Let’s talk ingredients! Tahini is a paste made from sesame seeds and it’s a powerhouse of nutrients – think calcium, iron, and healthy fats. It adds a lovely nutty flavour to the dressing.

As for the mixed beans, you can really use whatever you like! Cannellini, kidney, chickpeas, and black beans all work beautifully. I often use a pre-mixed can for convenience, but feel free to create your own blend.

And parsley? Don’t underestimate its freshness! I grew up using the Italian flat-leaf parsley, but if you can find the curly variety, that works wonderfully too. The flavour is slightly different, but both add a lovely herbaceous note.

Step-By-Step Instructions

Alright, let’s get cooking!

  1. First, grab a large bowl and add your drained and rinsed mixed beans, broccoli florets, halved cherry tomatoes, chopped parsley, and chopped romaine lettuce.
  2. Now, in a separate bowl, it’s dressing time! Whisk together the tahini, lemon juice, maple syrup, and water until everything is smooth and creamy. Add a pinch of sea salt and black pepper to taste. Don’t be afraid to adjust the lemon juice or maple syrup to your liking – it’s all about finding that perfect balance!
  3. Pour that gorgeous tahini lemon dressing over the salad ingredients. Gently toss everything together until it’s nicely coated.
  4. Here’s a little trick I learned from my grandmother: for the best flavour, chill the salad in the refrigerator for at least an hour before serving. This allows all those delicious flavours to meld together.

Expert Tips

  • Don’t overdress the salad! Start with a little dressing and add more as needed. You want the ingredients to be coated, not swimming.
  • For extra crunch, you can lightly blanch the broccoli florets for 1-2 minutes before adding them to the salad.
  • Taste as you go! Adjust the seasoning to your preference.

Variations

This salad is super versatile. Here are a few ideas to spice things up:

  • My friend, Priya, loves adding some chopped cucumber for extra freshness.
  • For a heartier salad, add some grilled chicken or fish.
  • My family enjoys a sprinkle of toasted sesame seeds on top for added texture and flavour.

Vegan Adaptation

This recipe is already naturally vegan! Just double-check your maple syrup to ensure it’s 100% pure.

Gluten-Free Adaptation

Great news – this salad is also gluten-free! No adjustments needed.

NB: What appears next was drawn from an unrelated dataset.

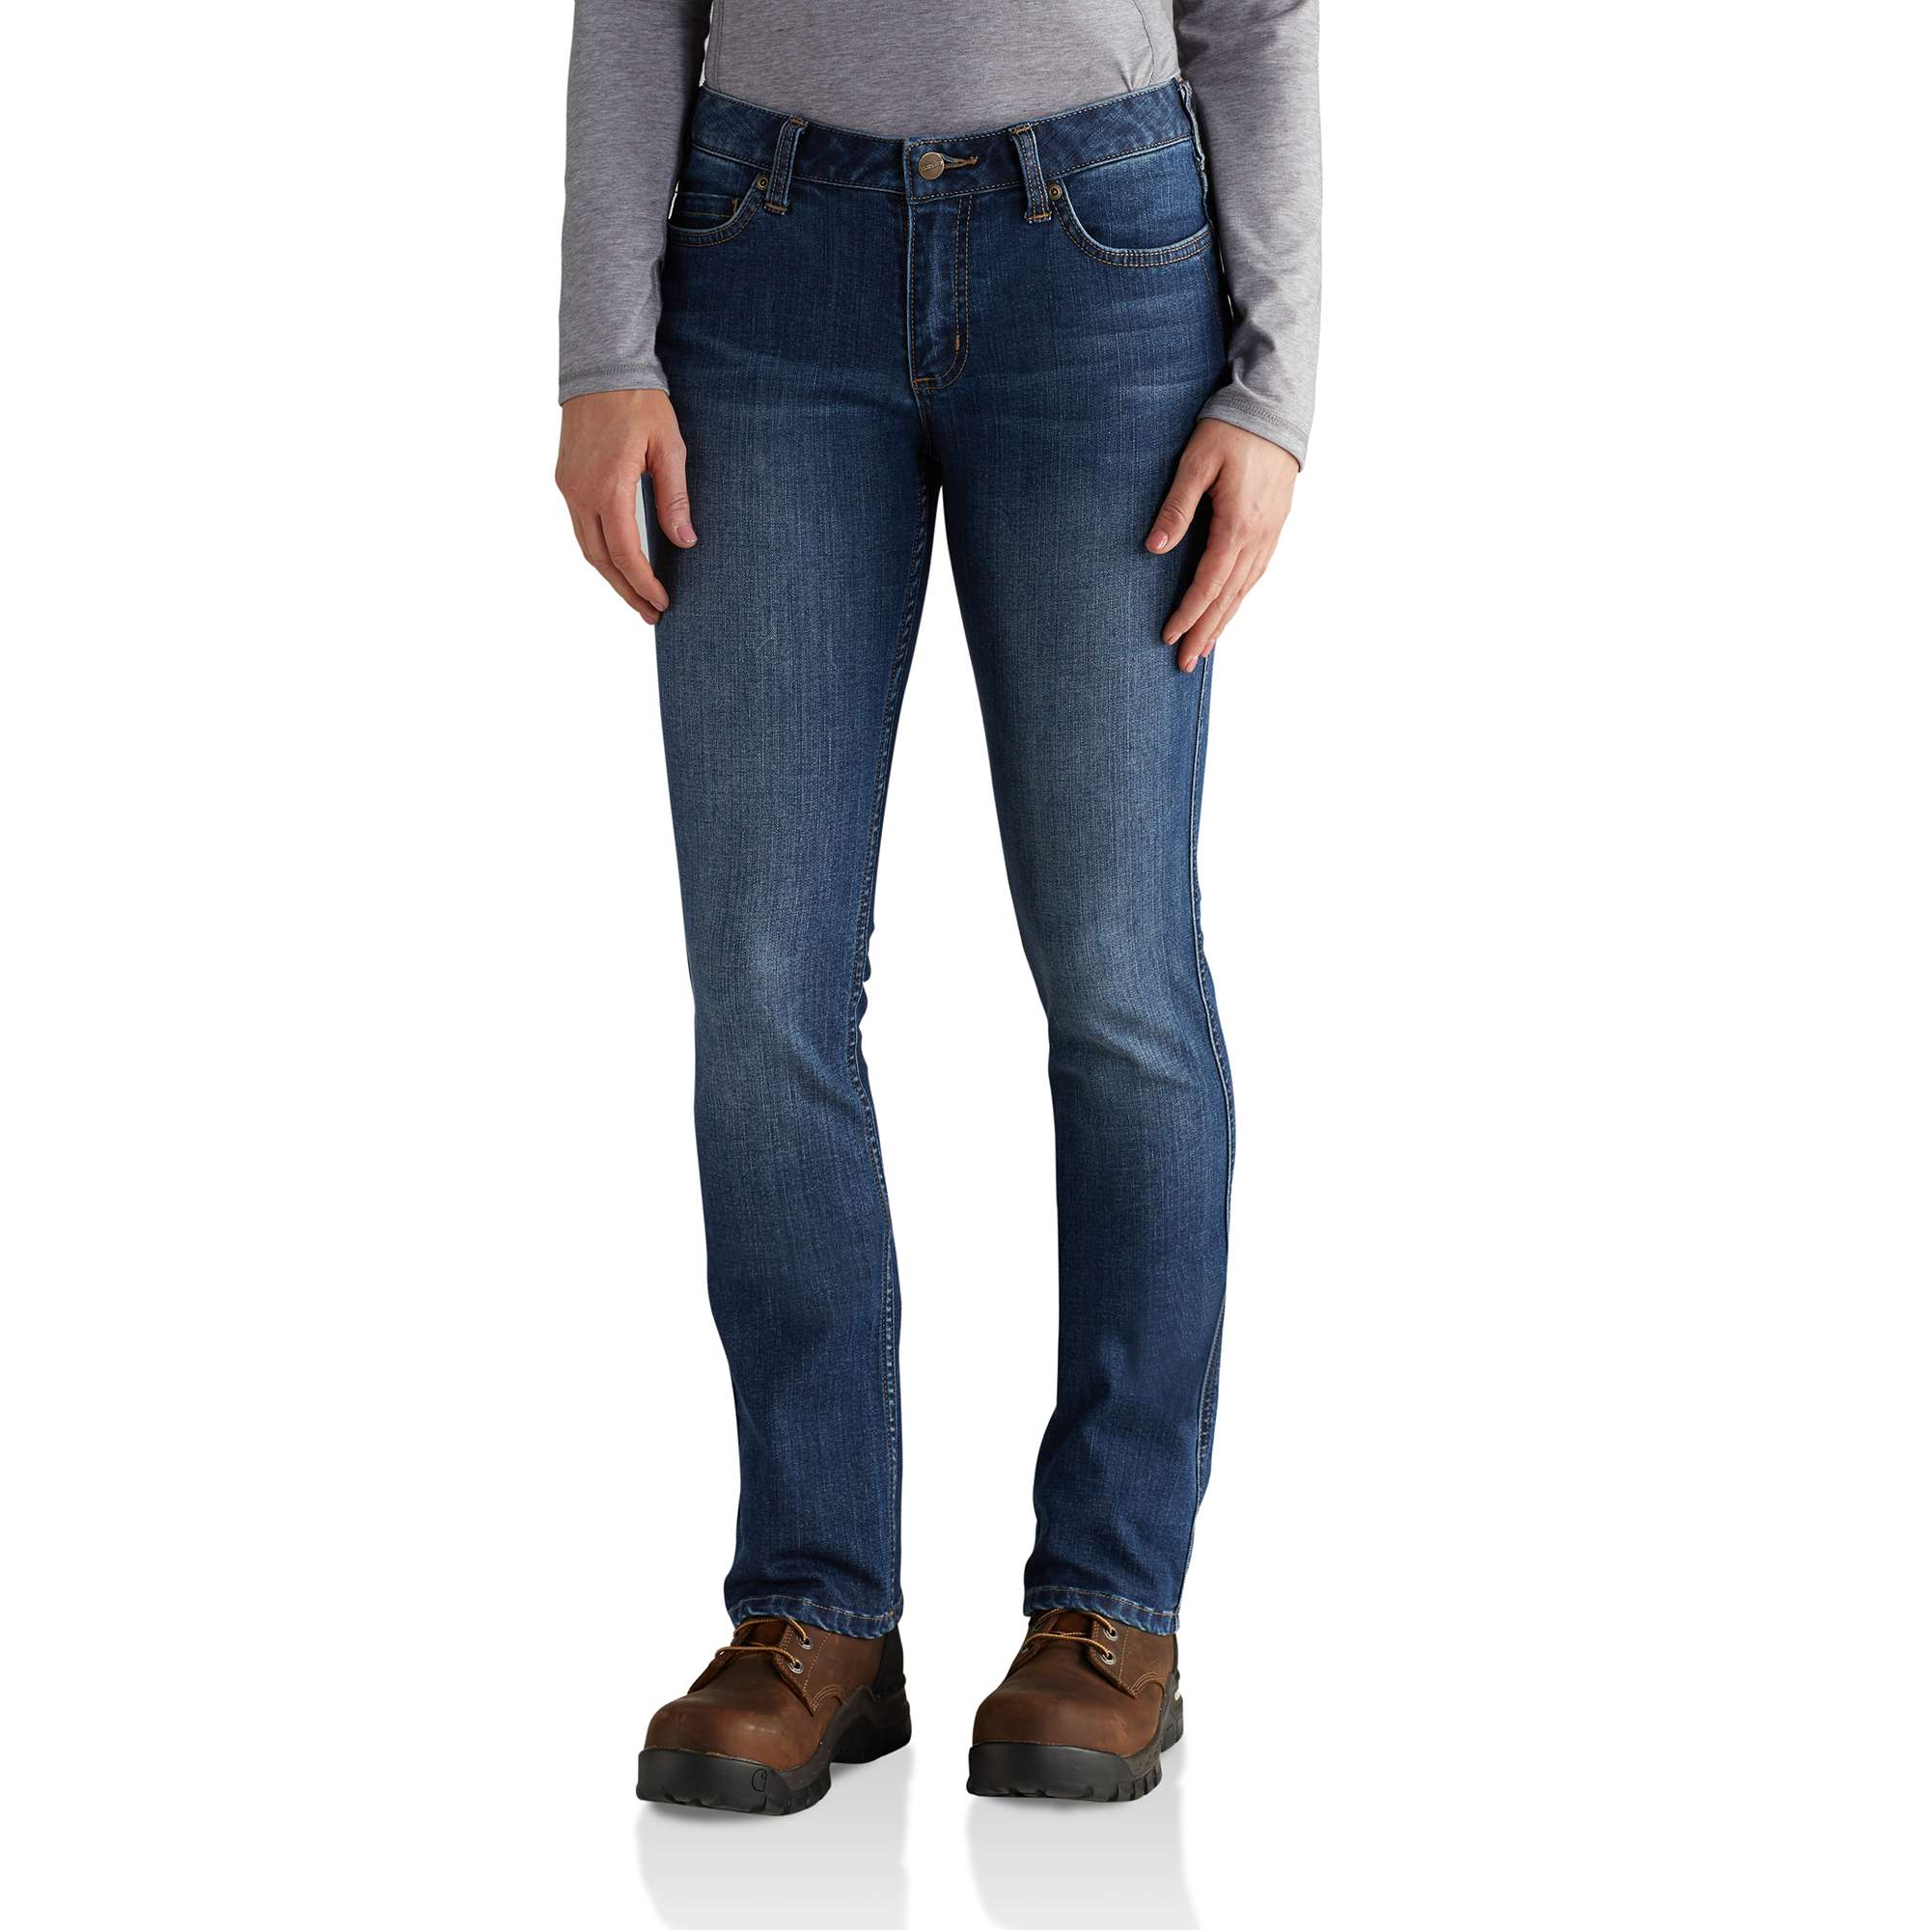 Carhartt Slim-Fit Layton Bootcut Jean

Spice Level Adjustment (Adding Chili Flakes)

Want to add a little kick? A pinch of red chili flakes to the dressing will do the trick! Start with ¼ teaspoon and add more to taste.

Summer BBQ Side Dish Adaptation

This salad is perfect for BBQs! It’s light, refreshing, and pairs well with grilled meats and veggies.

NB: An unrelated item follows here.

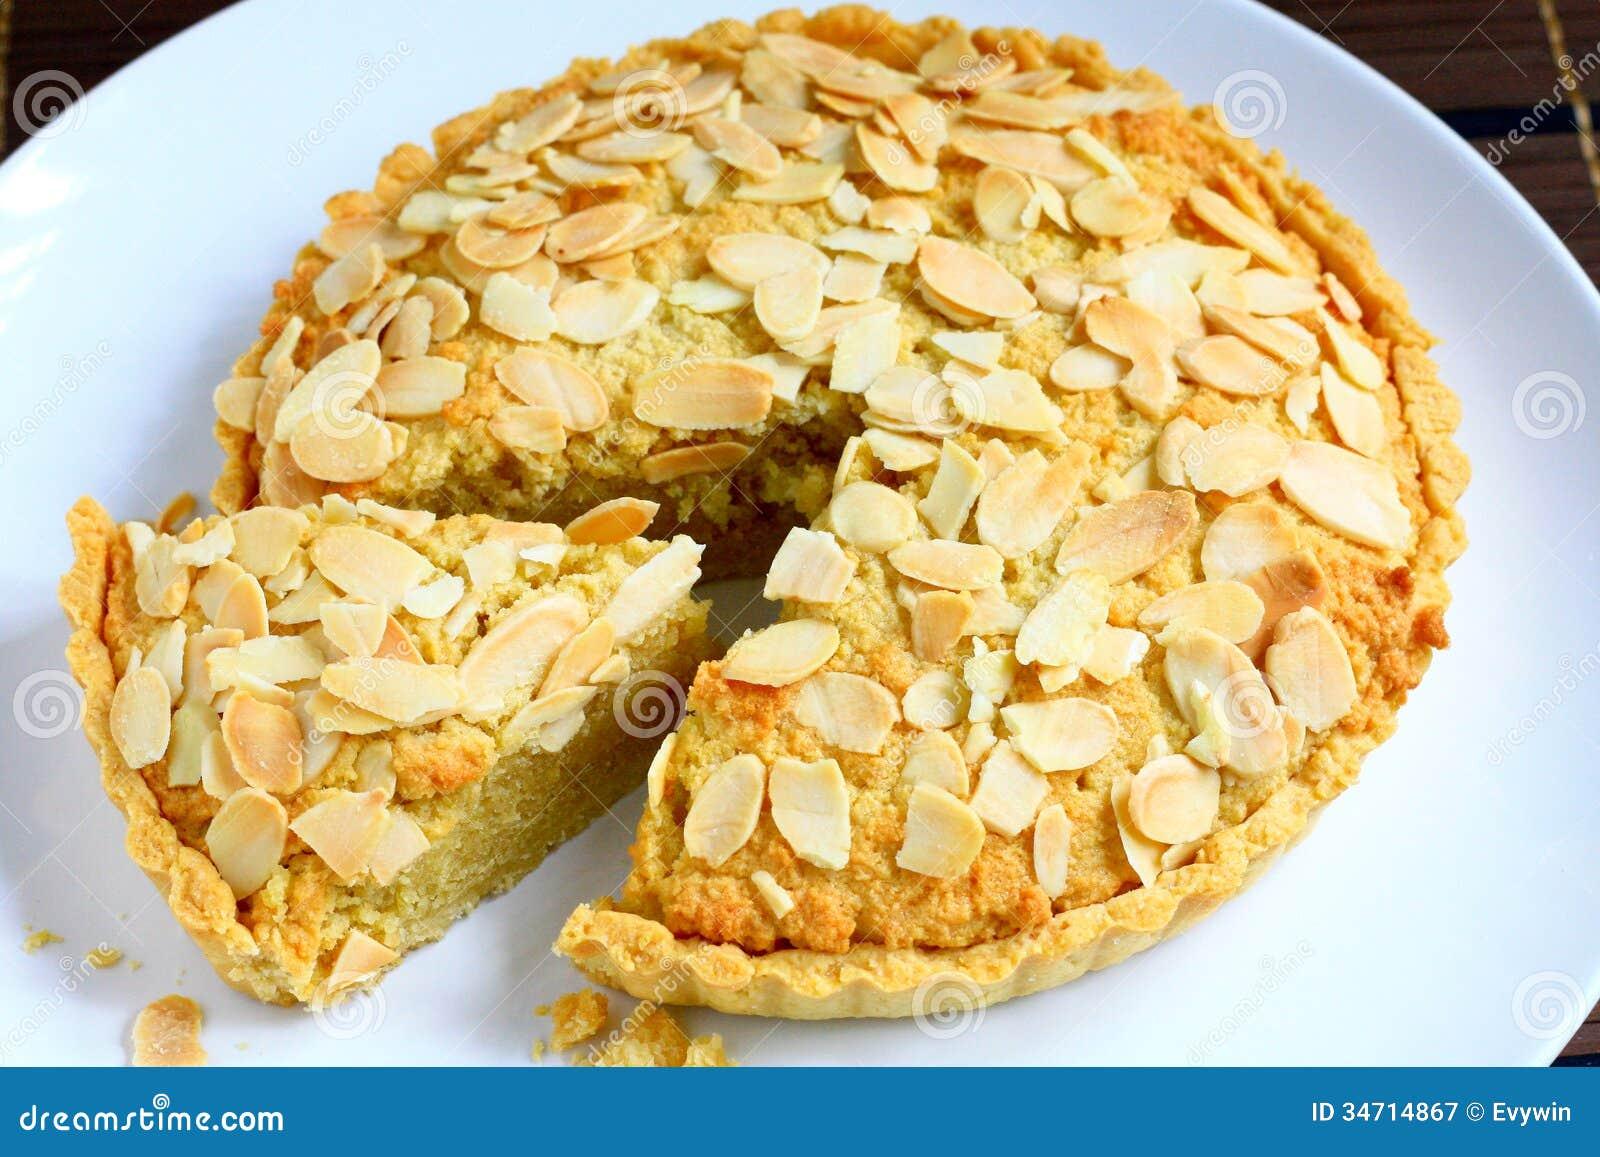 Almond Tart Royalty Free Stock Photography - Image: 34714867 Almondy Taart Glutenvrij

Quick Weeknight Meal Adaptation

Short on time? Use pre-cut broccoli and a pre-mixed can of beans to make this salad even faster. It’s a lifesaver on busy weeknights!

Serving Suggestions

This salad is delicious on its own, or you can serve it with:

  • Grilled chicken or fish
  • Whole-wheat pita bread
  • A side of quinoa or brown rice

Storage Instructions

Leftovers can be stored in an airtight container in the refrigerator for up to 3 days. Keep in mind that the salad may become slightly softer over time.

FAQs

What type of mixed beans work best in this salad?

Honestly, any kind you like! Cannellini, kidney, chickpeas, and black beans are all great options.

Can I make the dressing ahead of time?

Absolutely! You can make the dressing up to 3 days in advance and store it in an airtight container in the refrigerator.

How long will this salad keep in the refrigerator?

Up to 3 days, but it’s best enjoyed fresh.

Is it possible to add a protein source to make it a complete meal?

Definitely! Grilled chicken, fish, tofu, or chickpeas would all be fantastic additions.

Can I substitute the maple syrup with another sweetener?

Yes, you can! Honey or agave nectar would work well as substitutes. Just adjust the amount to your liking.